I knelt beside his mound of food and ate. I was starving. I stuffed my mouth full of berries and roots, leaves and fruits. Nix had refilled our canteens with fresh spring water, and it tasted like liquid gold. After filling my stomach, I leaned against the wall and smiled. I had eaten some of the best meals that all Elphame could provide, but this was the finest I had eaten in all my life.
“I couldn’t get to you. Neither of us could. I couldn’t smell you anymore. I couldn’t feel you.” He sat on my knee and hung his head. “It scared me. I didn’t know what to do.”
“I’m sorry. I didn’t know. Solas was able to get to me before,” I answered.
“Solas can reach into hell and pluck the wings off a demon,” Nix replied. “You need to stop calling to them.”
“I’m not calling them. They just come.”
“You are calling them. You just don’t realize it. The darkness has only answered to one, and you don’t want him coming on the fires of hell next time. Perdi, he is feared by all, and we released him. He eats the souls of all. Do not call on his shadows, lest you wish him to follow them back to you.”
“Who?” I asked. “Solas?”
Nix shook his head. His eyes darted from corner to corner. “No. Not even I will say his name in the dark. He is made of shadows and stolen souls, and you just busted him out of his prison. Just stop, okay?”
“What’s the plan for today?” I asked, and he let me change the subject.
“Same as yesterday. More running, hiding, fear, the usual.” Nix jumped off my knee and began to pack up our gear. “Perdi, we have to get to the Court of Less.”
“I saw Solas in the hall before I killed the king. He told me to go to the Courtless Lands. That it was the only place where I won’t be hunted.”
“It’s the only place the other kings will not venture and live,” he replied.
“Besides Solas,” I countered. “Something tells me he goes wherever the hell he wants.”
“Well, there’s that.” Nix laughed.
“I freed his people, didn’t I? Doesn’t that buy us something? Won’t they help me?” I asked.
He shook his head. “Don’t count on it. And for the record, of those locked in the dungeon, not all of them belonged to Solas. What you freed—what terrifies us all—answers to no one, and you let it go without asking a favor in return, a payment for their freedom. He gave us a head start, as promised. Now he doesn’t owe you anything.”
“Great, let’s add them to the list of people to run away from.”
“Perdi, there is no list. We simply run from everyone, regardless of who they are.

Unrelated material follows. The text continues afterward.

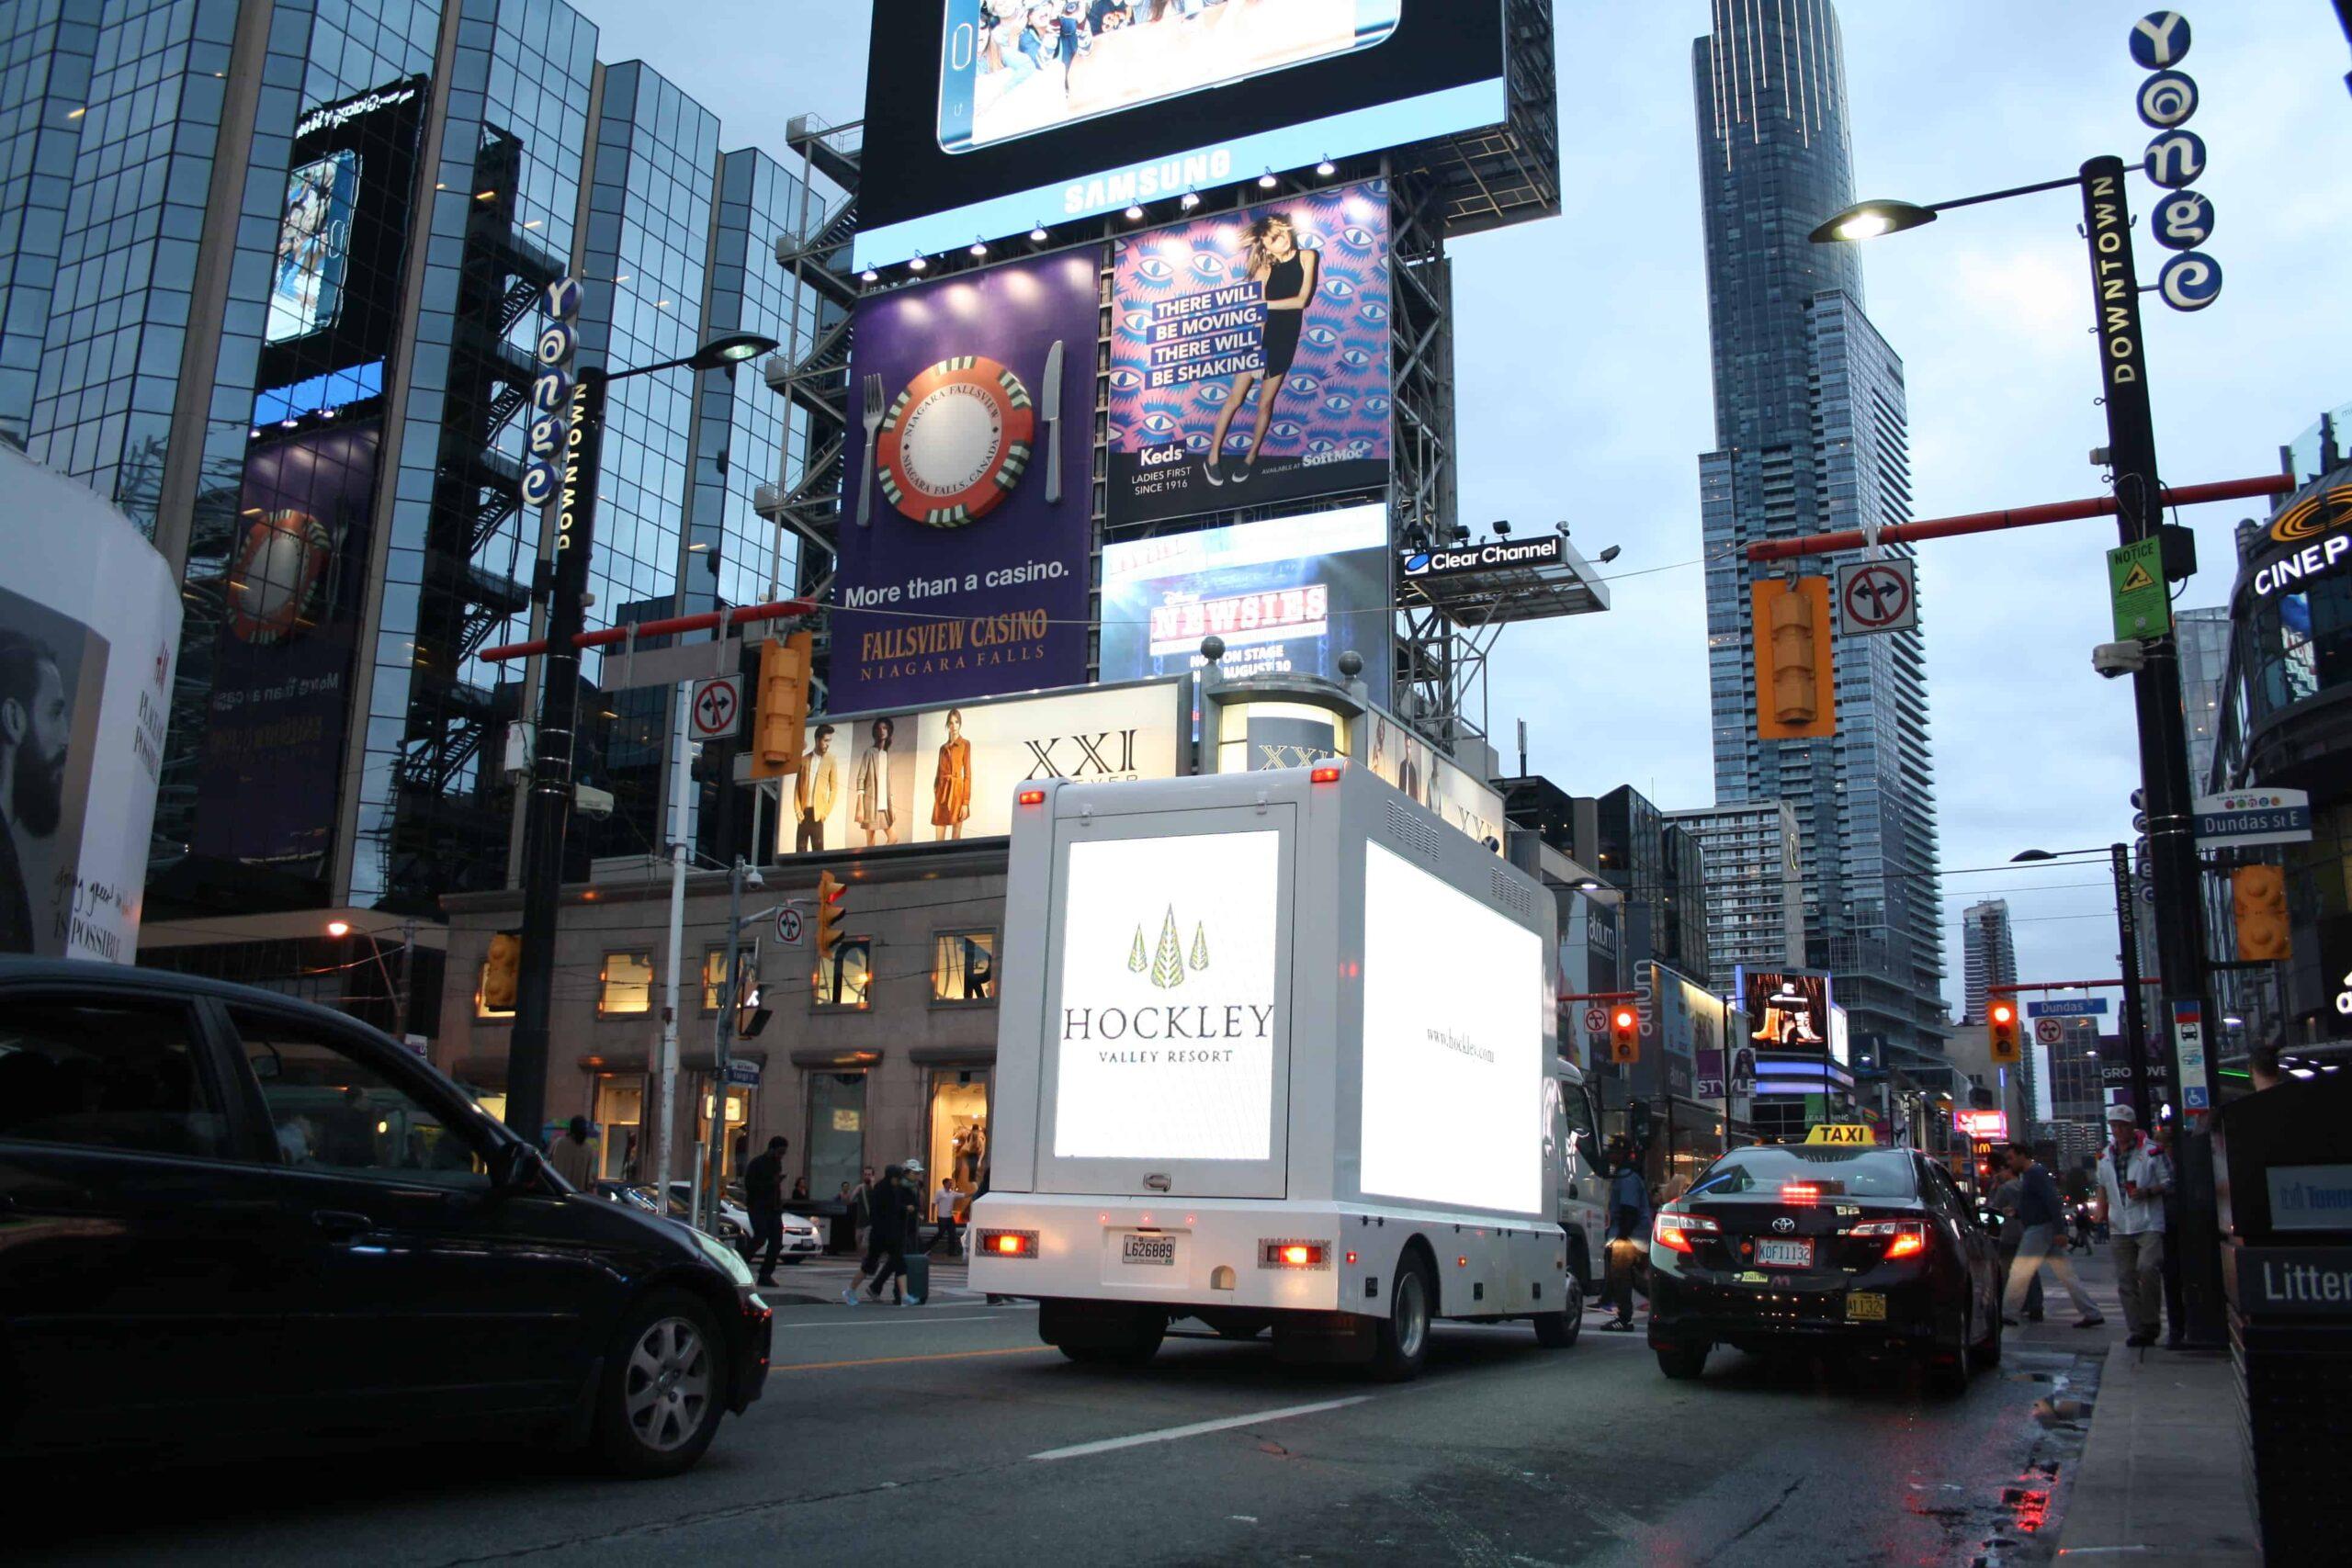 Digital Ad Truck: Hockley Valley Resort

No lies or pretending, it doesn’t matter who it is. We run from them until we get to the Court of Less.”
“Remember all those survival classes they made us take growing up? Years of training on how to protect ourselves if ever we were Taken, and I can’t wait to tell them it’s a gigantic waste of time,” I half joked. “Nothing I’ve learned has come in handy. Why would I build a fire and signal to all Elphame where I am?”
“It is to keep you warm so you don’t freeze to death. The fire isn’t what will show Fae where you are, Perdi. They can smell you long before they’d see the smoke.”
“That’s not very comforting,” I muttered.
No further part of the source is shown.